In order for the number to be divisible by $11$, we must have $a+b+c+d \equiv 5 \mod 11$. For it to be divisible by $3$, we must have $a+b+c+d \equiv 1 \mod 3$. By CRT we can conclude that $a+b+c+d \equiv 16 \mod 33$. Since $a+b+c+d \leq 9+8+7+6 = 30$, we must have $a+b+c+d=16$. Clearly since $d$ is the greatest, we must have $d \geq 6$. $d=9$. Then $c+b+a=7$, which gives $4$ solutions. $d=8$. Then $c+b+a = 8$, giving $6$ solutions. $d=7$. Then $c+b+a = 9$, giving $5$ solutions. $d=6$. Then $c+b+a=10$, giving $2$ solutions. So unless I made some careless errors, there are in total, $17$ such numbers.

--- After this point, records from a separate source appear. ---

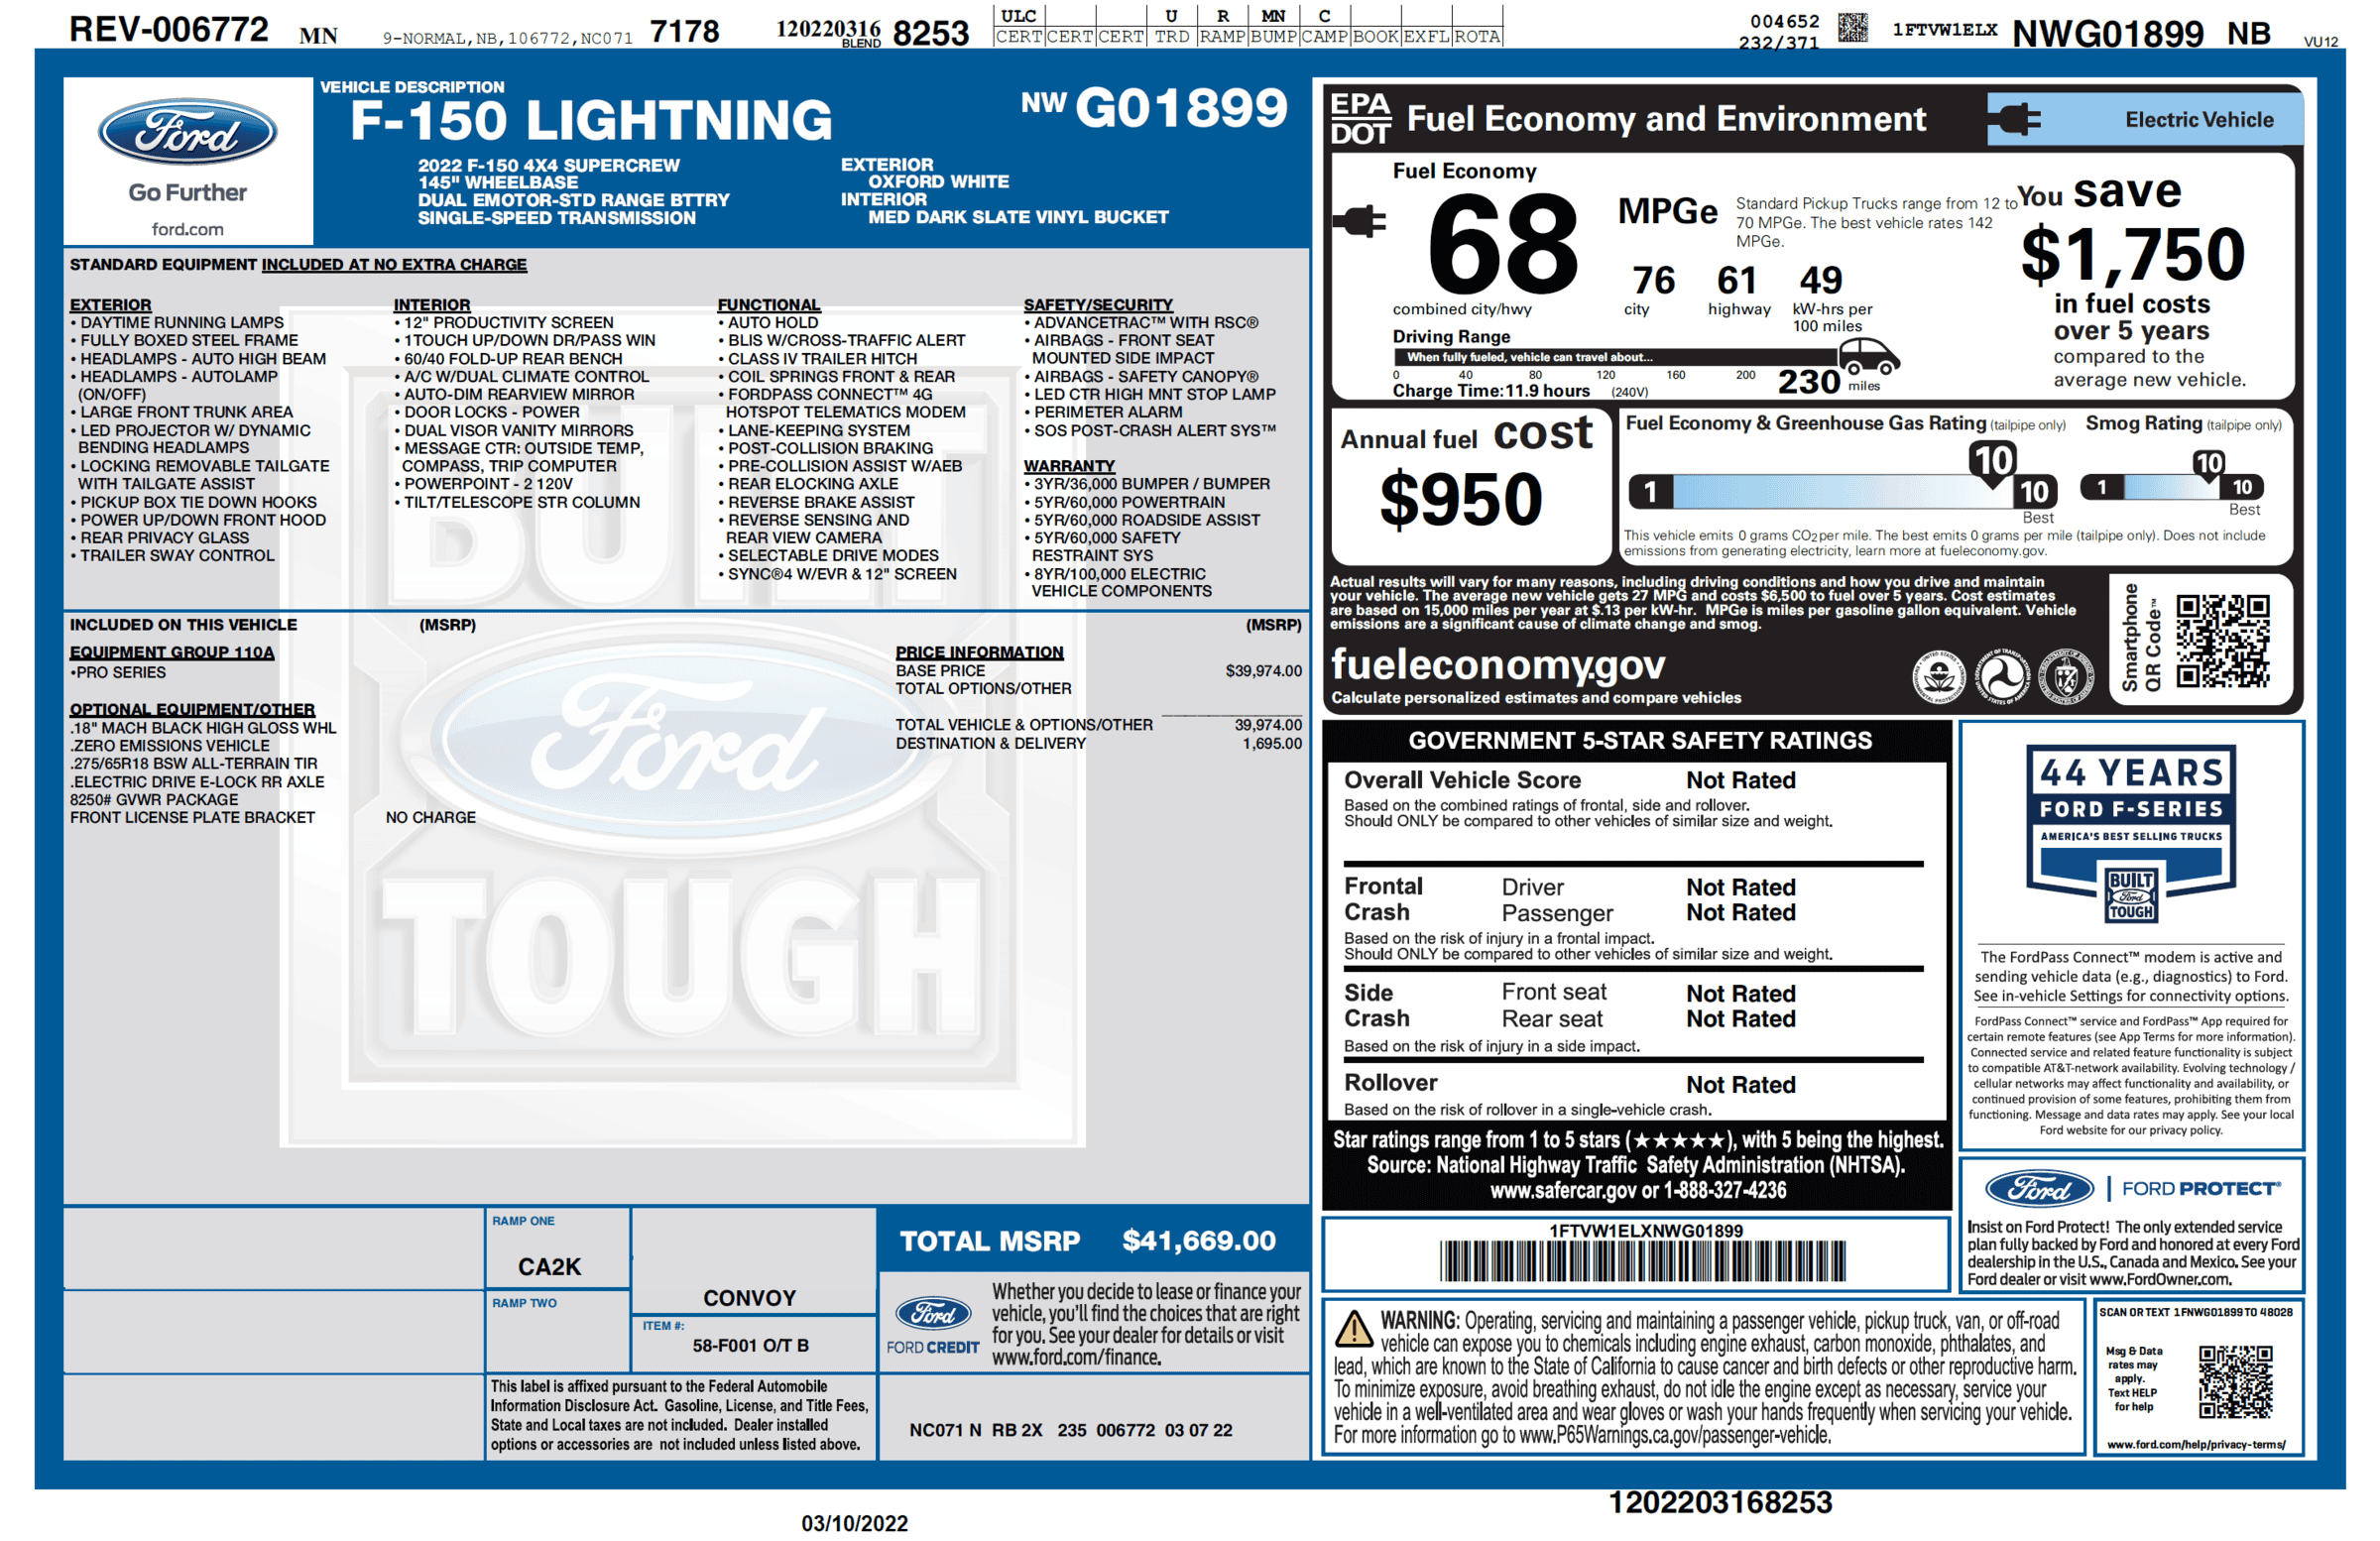 Ford F-150 Lightning F-150 Lightning Official EPA Range MPGe Revealed in Window Sticker (Base + Extended Range)! 1647536408566
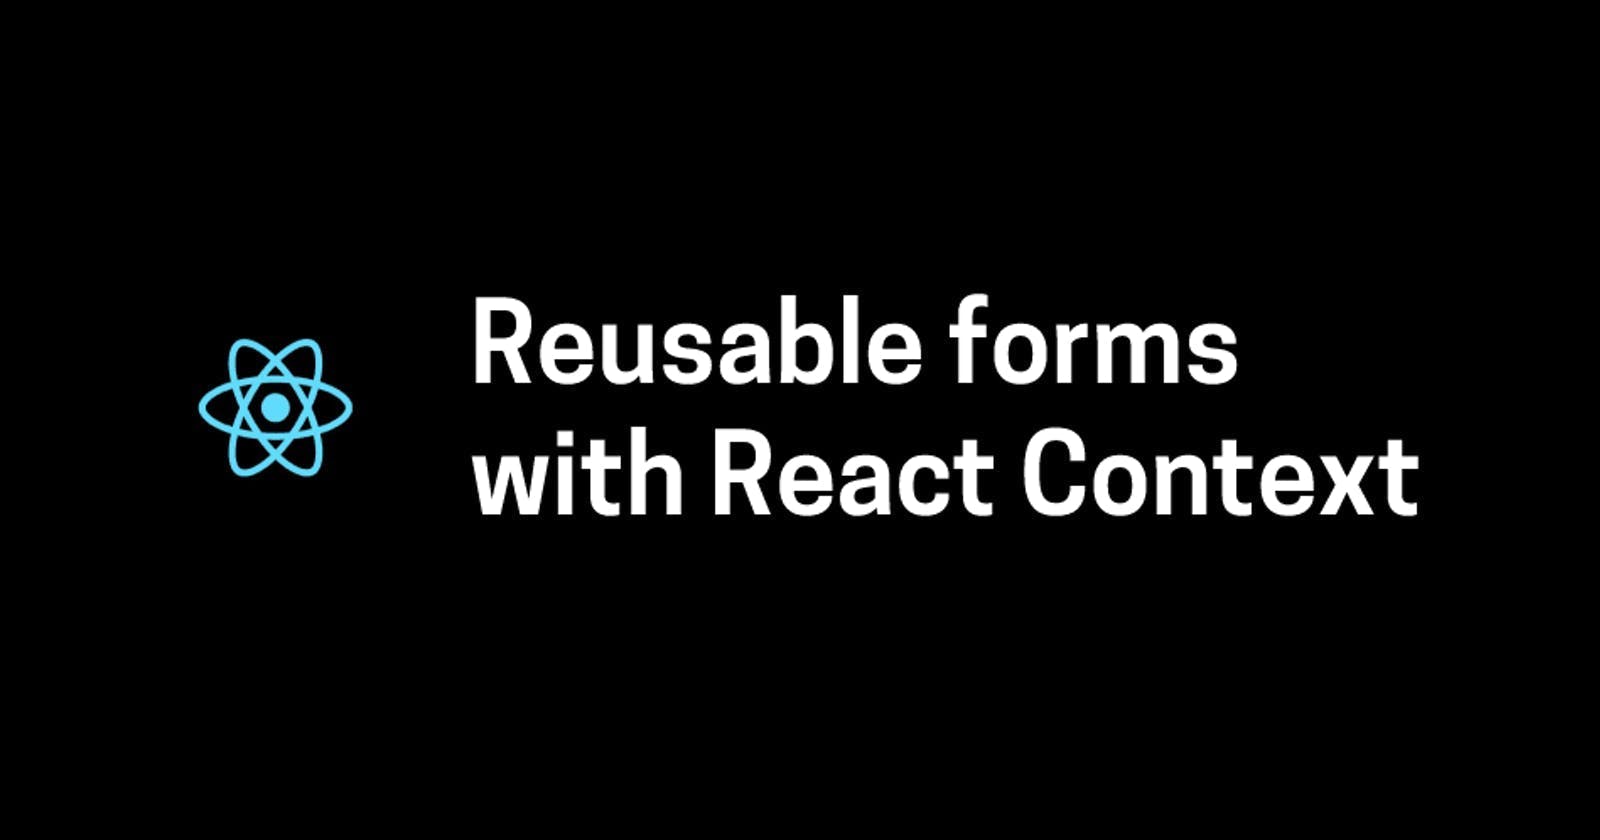 React: How to create a reusable form using React Context
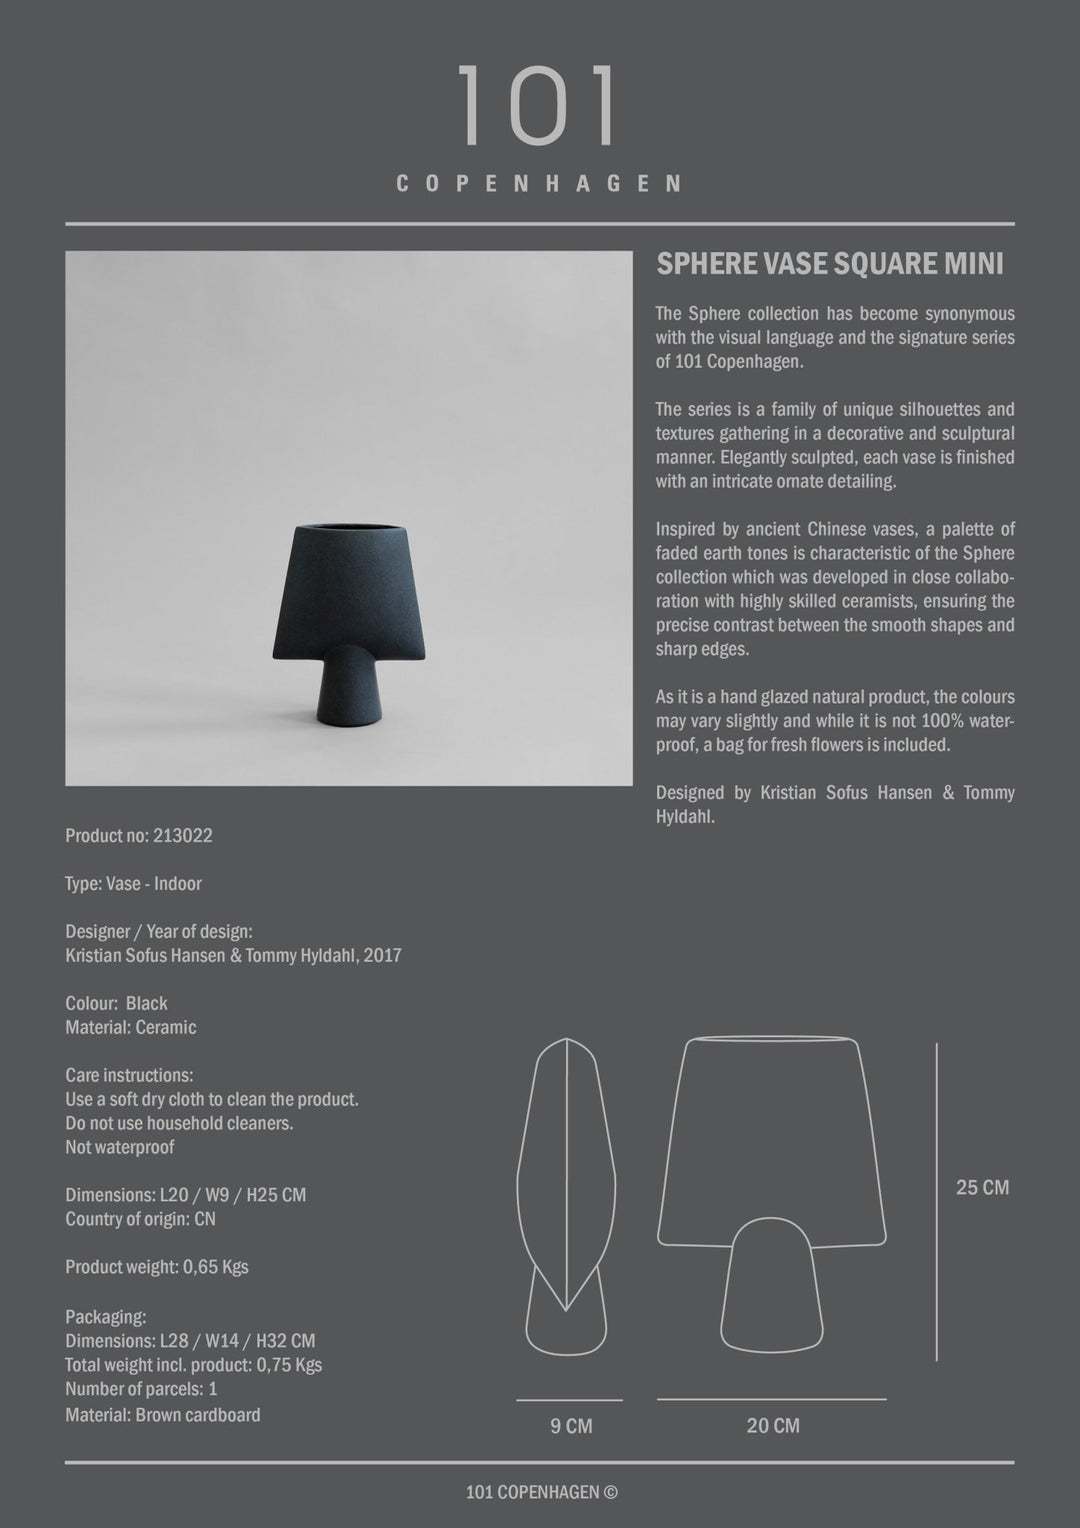 101 Copenhagen Sphere Vase Square, Mini - $95.00

bzprules wrote: In order for the number to be divisible by $11$, we must have $a+b+c+d \equiv 5 \mod 11$. For it to be divisible by $3$, we must have $a+b+c+d \equiv 1 \mod 3$. By CRT we can conclude that $a+b+c+d \equiv 16 \mod 33$. Since $a+b+c+d \leq 9+8+7+6 = 30$, we must have $a+b+c+d=16$. Clearly since $d$ is the greatest, we must have $d \geq 6$. $d=9$. Then $c+b+a=7$, which gives $4$ solutions. $d=8$. Then $c+b+a = 8$, giving $6$ solutions. $d=7$. Then $c+b+a = 9$, giving $5$ solutions. $d=6$. Then $c+b+a=10$, giving $2$ solutions. So unless I made some careless errors, there are in total, $17$ such numbers. Are you sure about your answer? Did you remember all 4 digits are diferrent?

d=8 should give 5 solutions?